══ Provided material

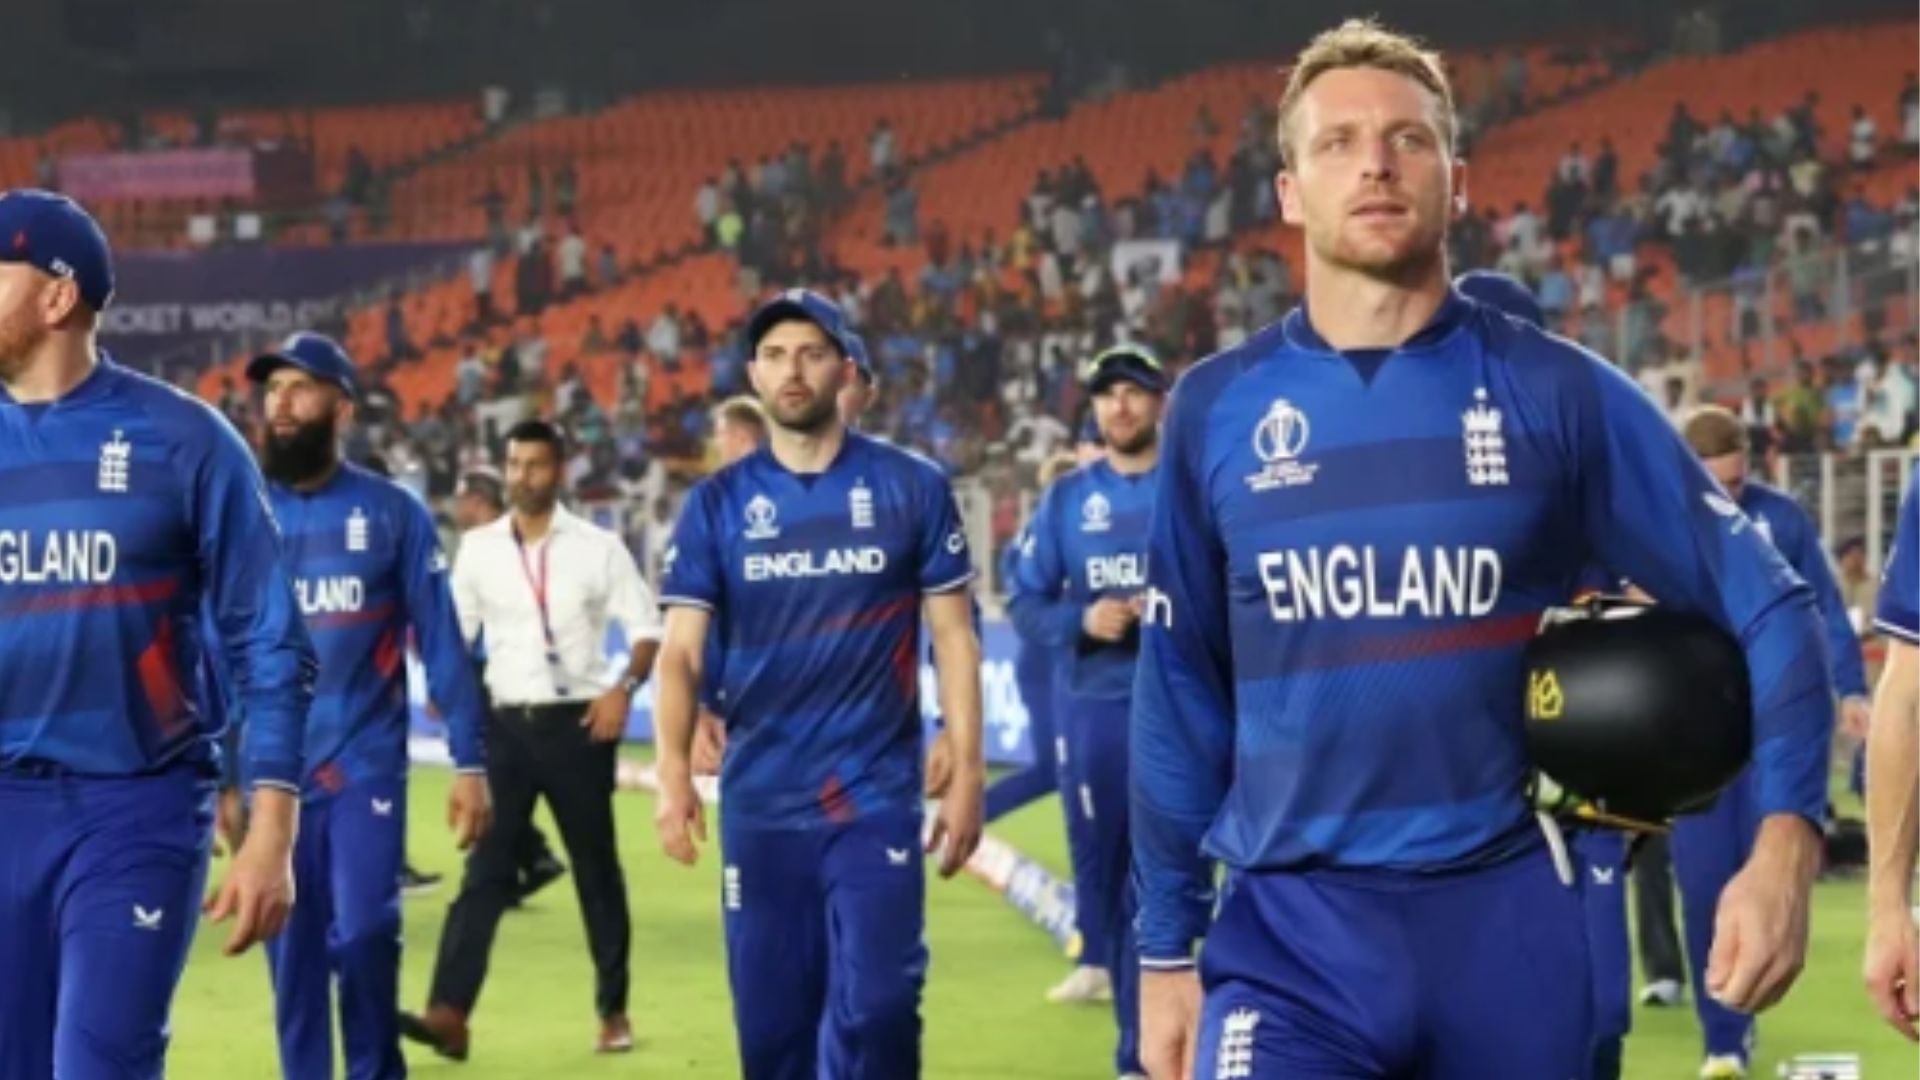 A dejected looking Buttler walking off the field after a thrashing at the hands of New Zealand. (Pic: Getty) 
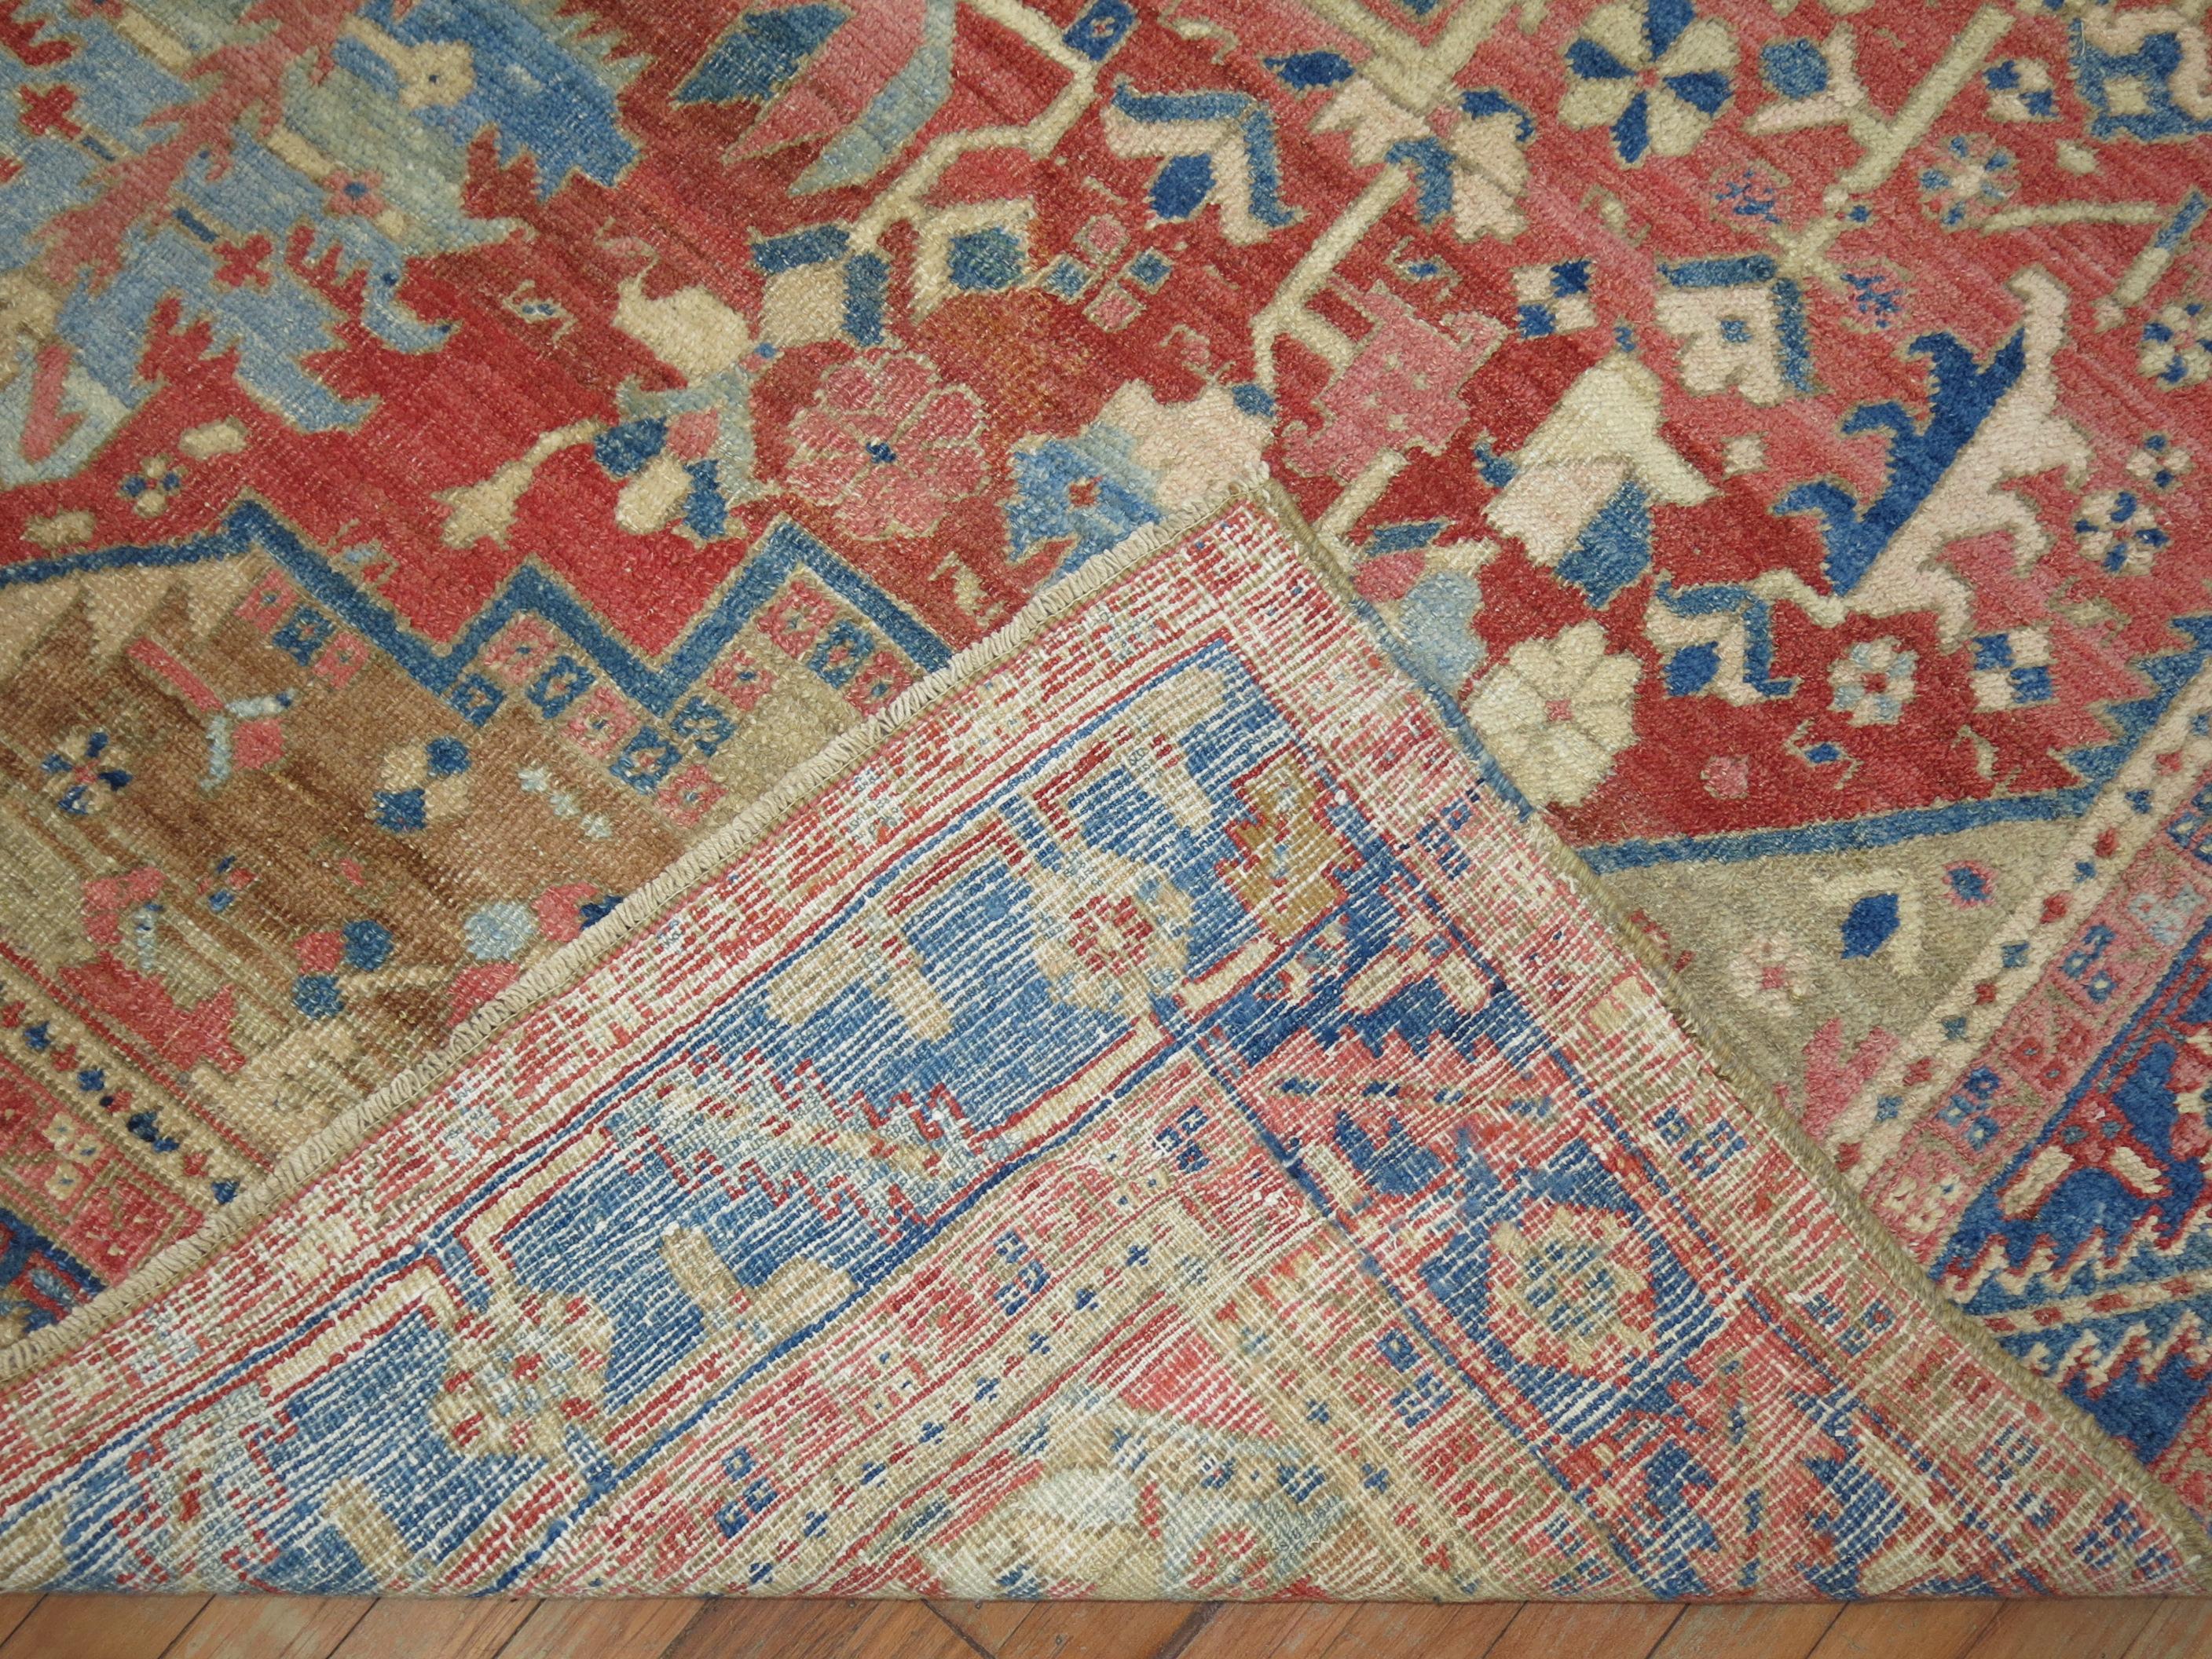 An early 20th century traditional colorful Persian Heriz carpet.

Heriz carpets are beloved for their versatility. Their geometry complements modern furnishings and their warm colors and artistic depth enhances antiques of all kinds. Their

════

Required work: Print every line above once more, exactly. Omit the pictures.

Exercise result:
 A dejected looking Buttler walking off the field after a thrashing at the hands of New Zealand. (Pic: Getty) 
 An early 20th century traditional colorful Persian Heriz carpet.

Heriz carpets are beloved for their versatility. Their geometry complements modern furnishings and their warm colors and artistic depth enhances antiques of all kinds. Their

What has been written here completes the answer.